I think the idea of extraction is that you might encounter enterprising pirates waiting to break through the ship. This is a cool scenario I welcome, but every time I go to the exit I only have free space. My ship was torn several times at the beginning of the match before we plundered something at the station. That makes sense to me — do you really want to spend up to 25 minutes outside the raid zone occasionally waiting for the ship to leave? It seems like a boring way to play, especially given the short travel between the station and the exit. Therefore, the windows for looting are small.
I’m also a little embarrassed by the progress of the predators. I have a lot of money, but not so much to spend it. You can visit a single vendor that offers several random guns and supplies in a timed cycle. So far, these vendors only offer what I already have, or larger items with no inventory space. I was excited to unlock the medkit recipe, but then I realized that I needed an ingredient that was previously found only once.

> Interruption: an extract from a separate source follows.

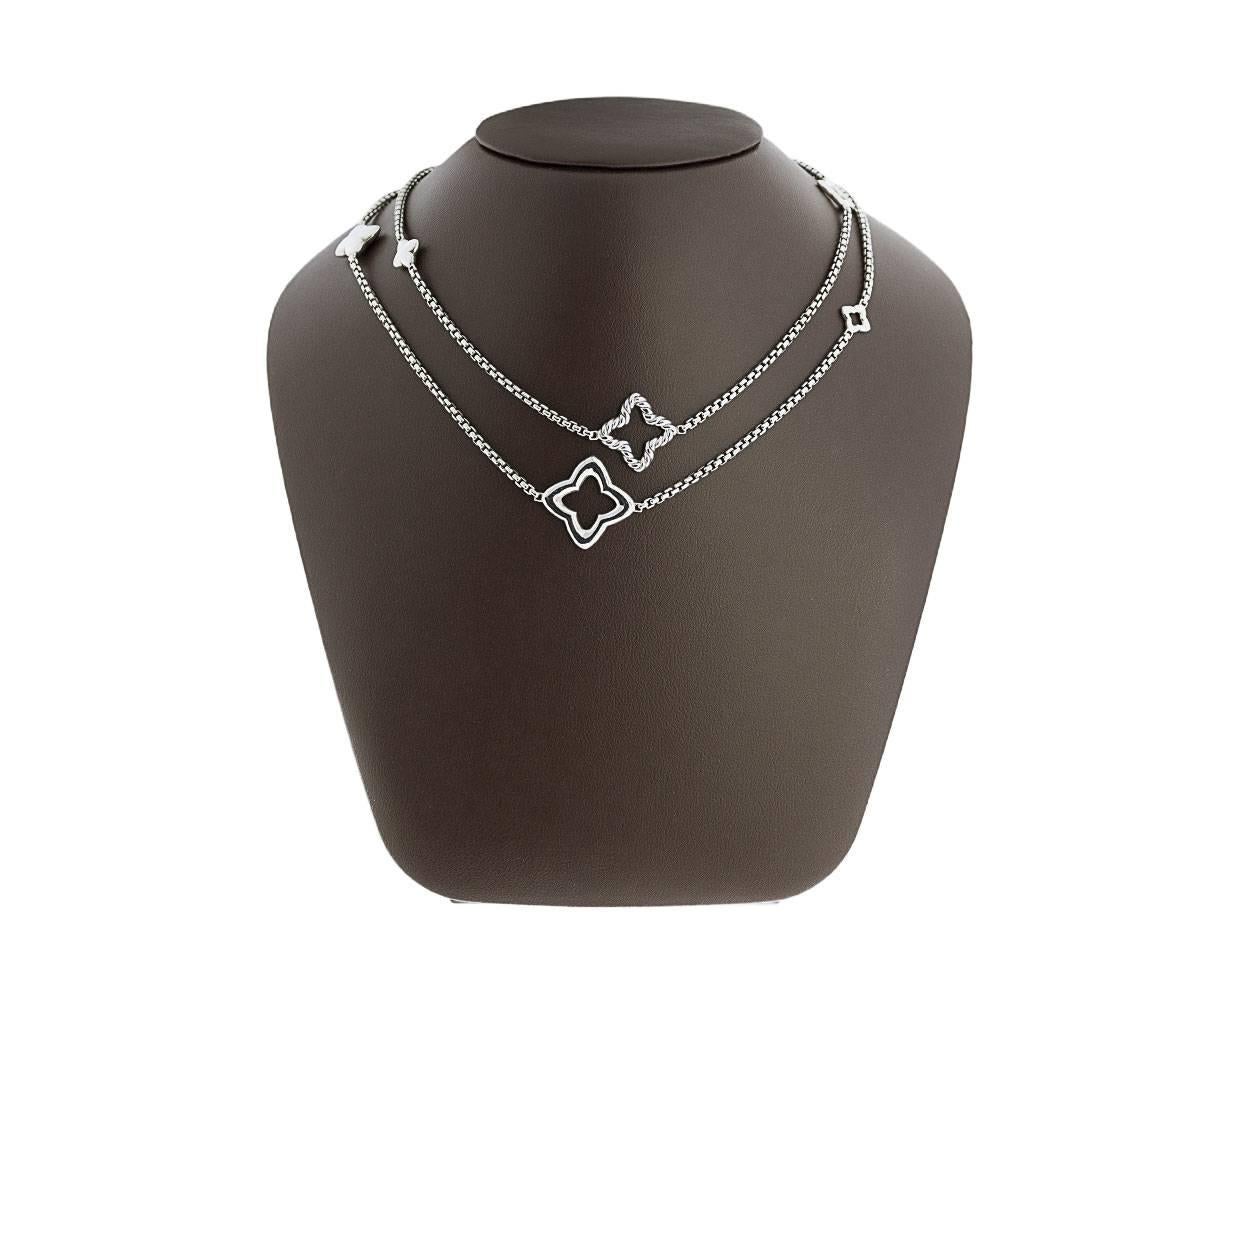 This beautiful chain necklace features Yurman's signature cable design and quatrefoil pendants. This necklace is made of sterling silver and is 36

Currently, Marauders is a cooler game to explain what to play. There aren’t many in this closed beta build. This is the fact that it can prevent Tarkov followers from committing for now, but Marauders definitely outperforms the theme and friendliness. Personally, I think borrowing from Hunt: Showdown is more likely than chasing Tarkov’s obsession with loot. In addition to the goal of finding something cool, why not add a centralized goal that attracts players (such as hunt boss battles)? Or a side goal that exists only in the exterior space zone? It certainly helps give the match a clearer ending than “Our pocket is full, let me guess.”
If you want to check Marauder yourself and decide that I’m completely wrong $ 27 pre-order (Opens in a new tab) Currently, the period is the only way to access the closed beta ending July 26th.